Nut job is the second mission in Rick's story.Edit
Protagonist: Rick ChanceEdit
THIS MISSION IS WIP
- Drive to the old theater
- Protect Jessica from the enemies
- Drive to back to your apartment without getting killed.
The scene starts with Rick crushing foreign beer cans on his head. The beer spurts out and he drinks what he can from the can. Jessica is trying to sleep on the couch, but she's woken up to the sound of Rick dicking around.
Jessica: Can't you ever act normal?
Rick: If this isn't normal, I don't wanna know what it is. No waitta' minute. I know what normal must be. Cheating on your lover and whoring yourself out all around town 'n' shit, right?
Jessica: I ain't doing nothin' wrong.
Rick: Sure. Cheating isn't as bad at killin' people. No wait, it's fuckin' worse.
Jessica: Are you mental? Do you even know what ya just said? You sound like an idiot.
Rick: Sure, I might be an idiot an' shit, but I have one thing you don't have. I have fuckin' claaaaass.
Jessica: ...What's classy about killing people?
Rick: Well, you can either do it the hoodrat way, or you can do it the Rick Chance way. Take this beer can for example. Sure, it's crushed, but you could definitely smash it against the head of some dickhole ya don't like. Maybe leave a deep imprint or somethin'.

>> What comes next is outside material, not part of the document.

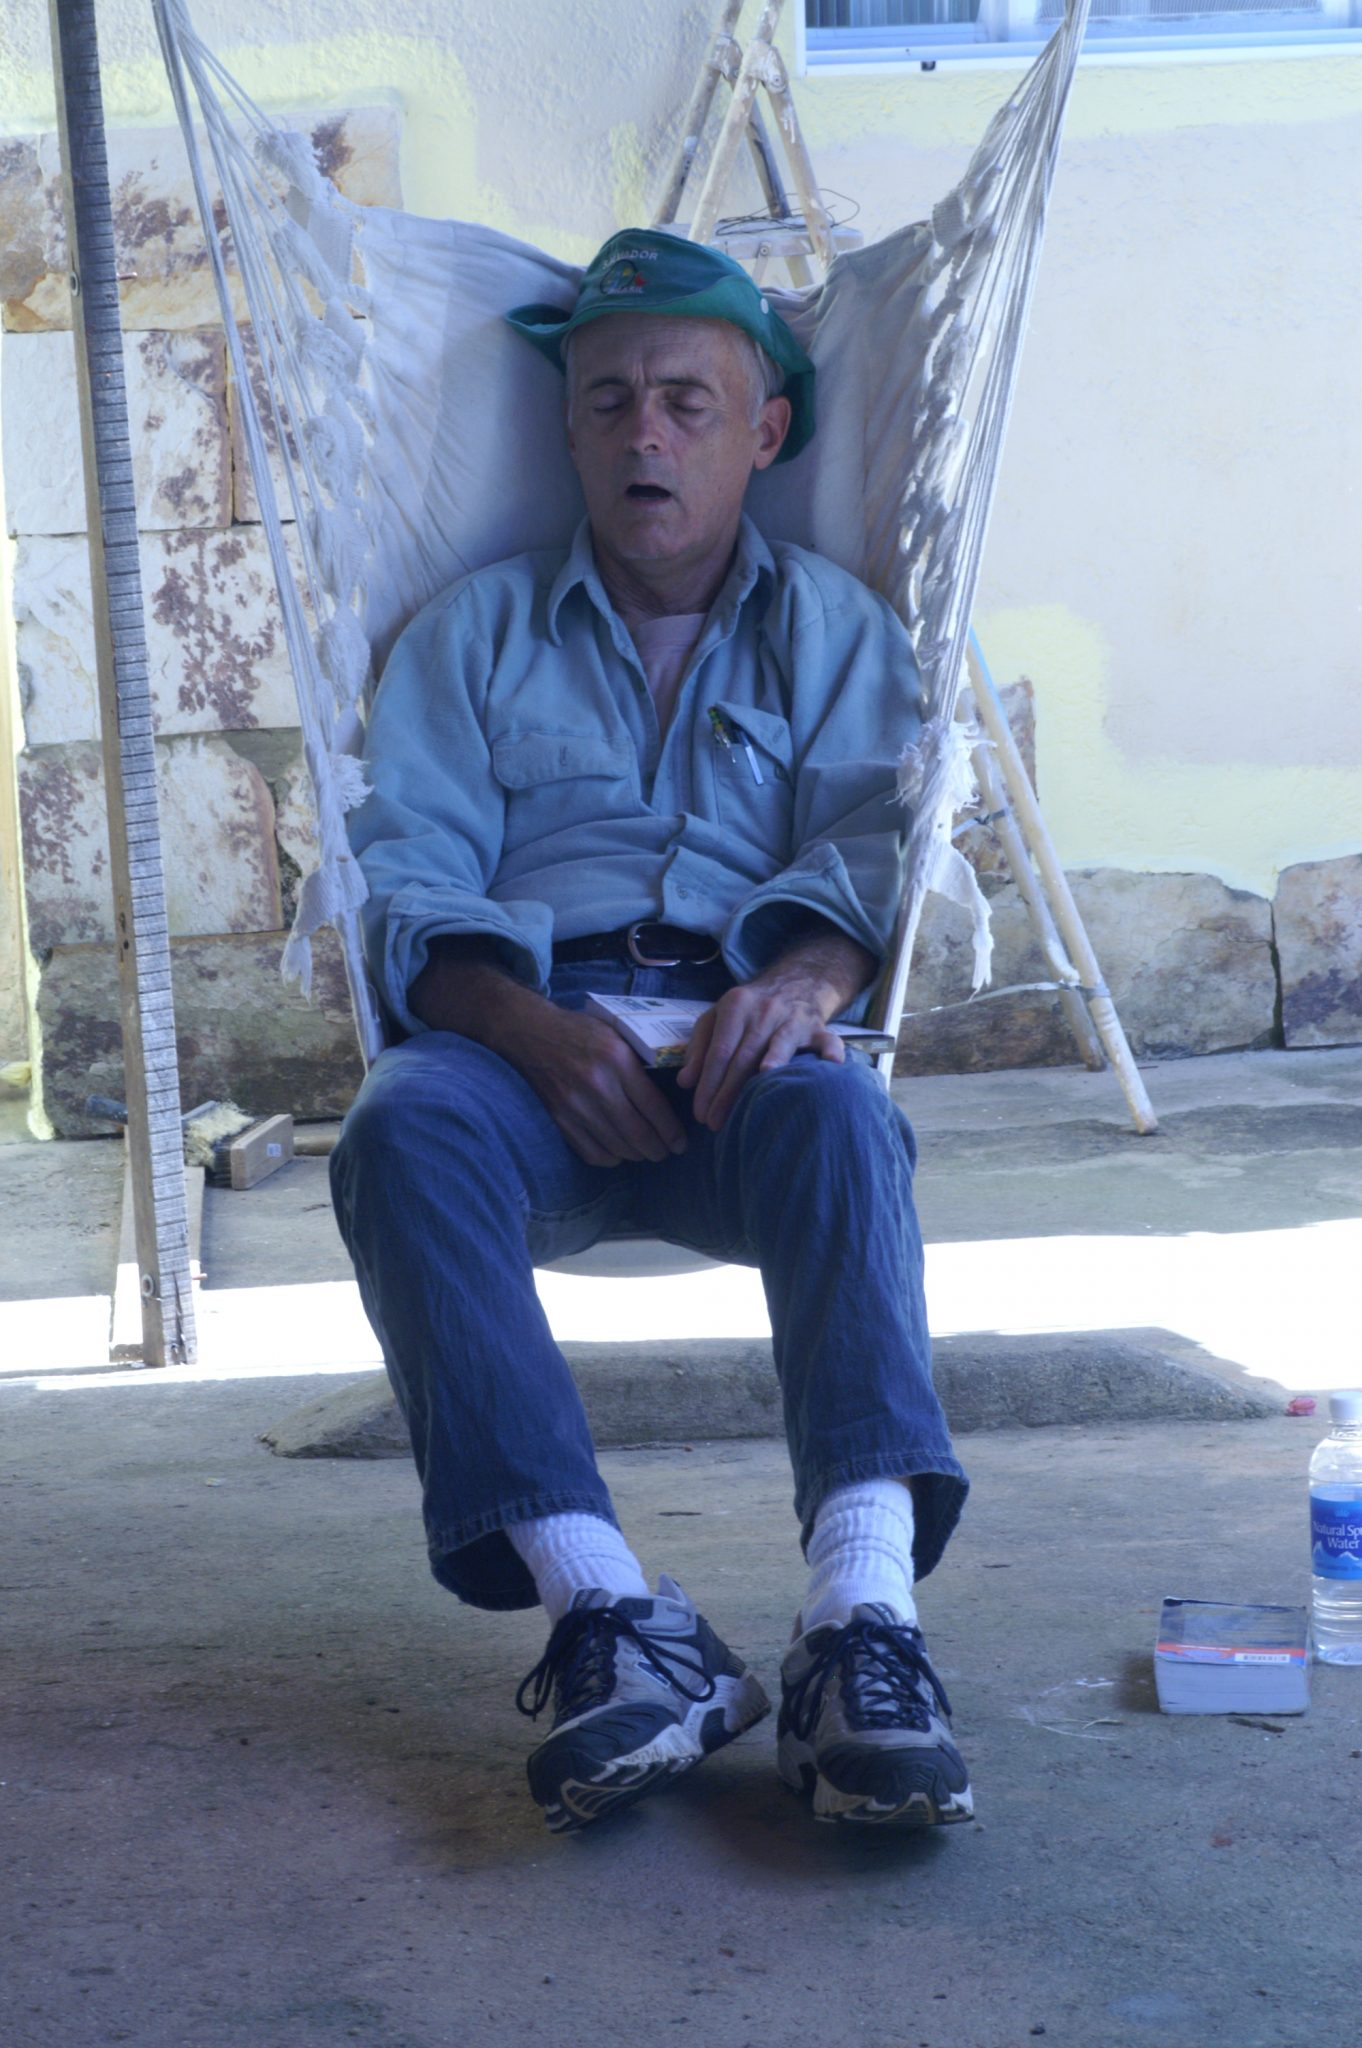 Man sleeping in hammock chair

Jessica: Well, if you're gonna be all detailed with your stories, why don'tcha get a real job in the movies and write scripts?
Rick: ...That's it! I know how to make you love me again! We're gonna go down to the old theater and watch some movie!
Jessica: A date?
Rick: I guess. I don't know. I'm pretty hammered right now. Let's fuckin' move.
The player is instructed to find a vehicle. Any vehicle will do. Once a vehicle is obtained, the player must drive to the old theater. Once the player arrives there, an in-game cutscene is triggered.
Rick: Two tickets for uh.... holy shit dick what's playing?.... uhhh... That er- Chronic the green shit movie.
Ticket person: Can you PLEASE not use that language. It hurts me.
Rick: Ohohoho, that hurts you? Hey buddy boy, you wanna know what'd really hurt? Me shovin' my foot so far up your ass that ya can pull out your lunch using my toes!
Ticket person: Sir, can you pleaaaase?
Rick: How about this, you give me the movie ticket, we walk in, I rub one out in the corner of the place and you clean up the mess. How 'bout that?
The ticket person then resorts to crying for some time. Rick looks at him and shrugs a bit. All of the sudden, several men walk over to Jessica.
Neo-nazi goon A: Damn, you've got quite the ass on your. I forgot how good this tush is.
Neo-nazi goon B: Did you just say tush?
Neo-nazi goon A: Yeah. Tush. It's a round rump, ya know?
'Neo-nazi goon 'B: I'd definitely wouldn't kick her out of bed after mowing her lawn.
Neo-nazi goon A: So wait, you're gonna give me trouble for sayin' tush, but you go ahead and say "mow her lawn"?
Rick: How many white cocks have you sucked, bucko?
Neo-nazi goon B: The fuck you say lint licker?
Rick: Did you really just attempt to seduce my woman and insult me? Listen here Mr. Clee Toris. This is MY property. She's MY woman. Not yours. The only thing you own is a remake of a WWII gun and a dead jew or two.
Neo-nazi goon A: We fucked yer bitch already, now we're gonna fuck you.